# Usuing Maps to find old dumps



## Cherokee23 (Apr 19, 2015)

I have heard of people using Sanborn and EPA Maps to find and locate old town dumps etc. Anyone ever have any luck with this or know how to go about it?


----------



## sunrunner (Apr 21, 2015)

well first off Sanborn maps are good for  locating out houses , but no good for locating dumps. the problem with S .B .M  are that they only show what was on a lot as far as stretchers vacant lots are not shown . EPA maps mostly show land fills , like from the 1950s 60s 70s . I've seen some that go back to the 1940's . your best bet is look in to town meetings monthly or annual reports . There you will find who was given the trash pickup contract for that year and some times  they may tell you what street the dump was on.

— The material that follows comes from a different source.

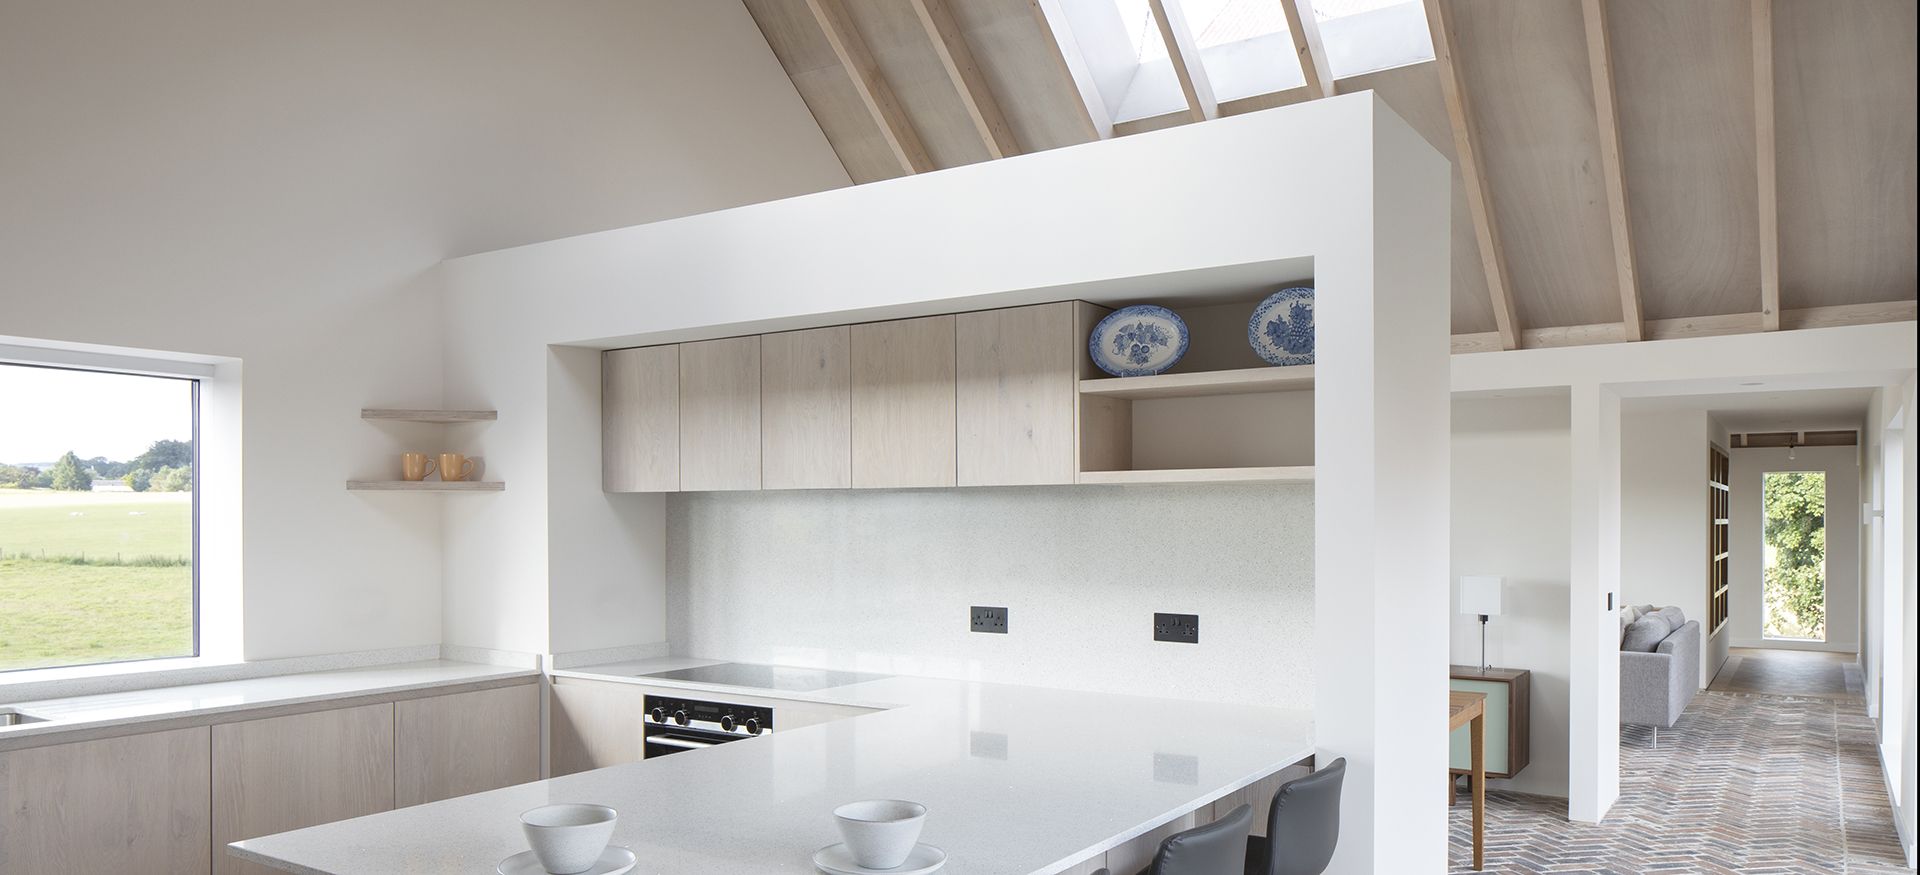 A kitchen that moulds into the rest of the interior

In small towns the person picking up the garbage throe it on his own property , then all you have to do is go a tax map to see were the property was. good luck


----------



## RCO (Apr 24, 2015)

its possible , some old maps might even show location of town dump if there from 60's-70's era it would often be on map . but those dumps aren't likely going to be approiate places to go digging though . myself I have found some old farms long since abandoned by using old maps that showed location of them , we have old maps for this area that show where the old farms were and even location of buildings . I found a dump a couple years ago in a now pine forest using a metal detector , I had seen this farm on a map and sure enough in the area it said a building was I had a hit and dug it up and found an old dump and bottles , the metal detector found it cause they had thrown out old nails .


----------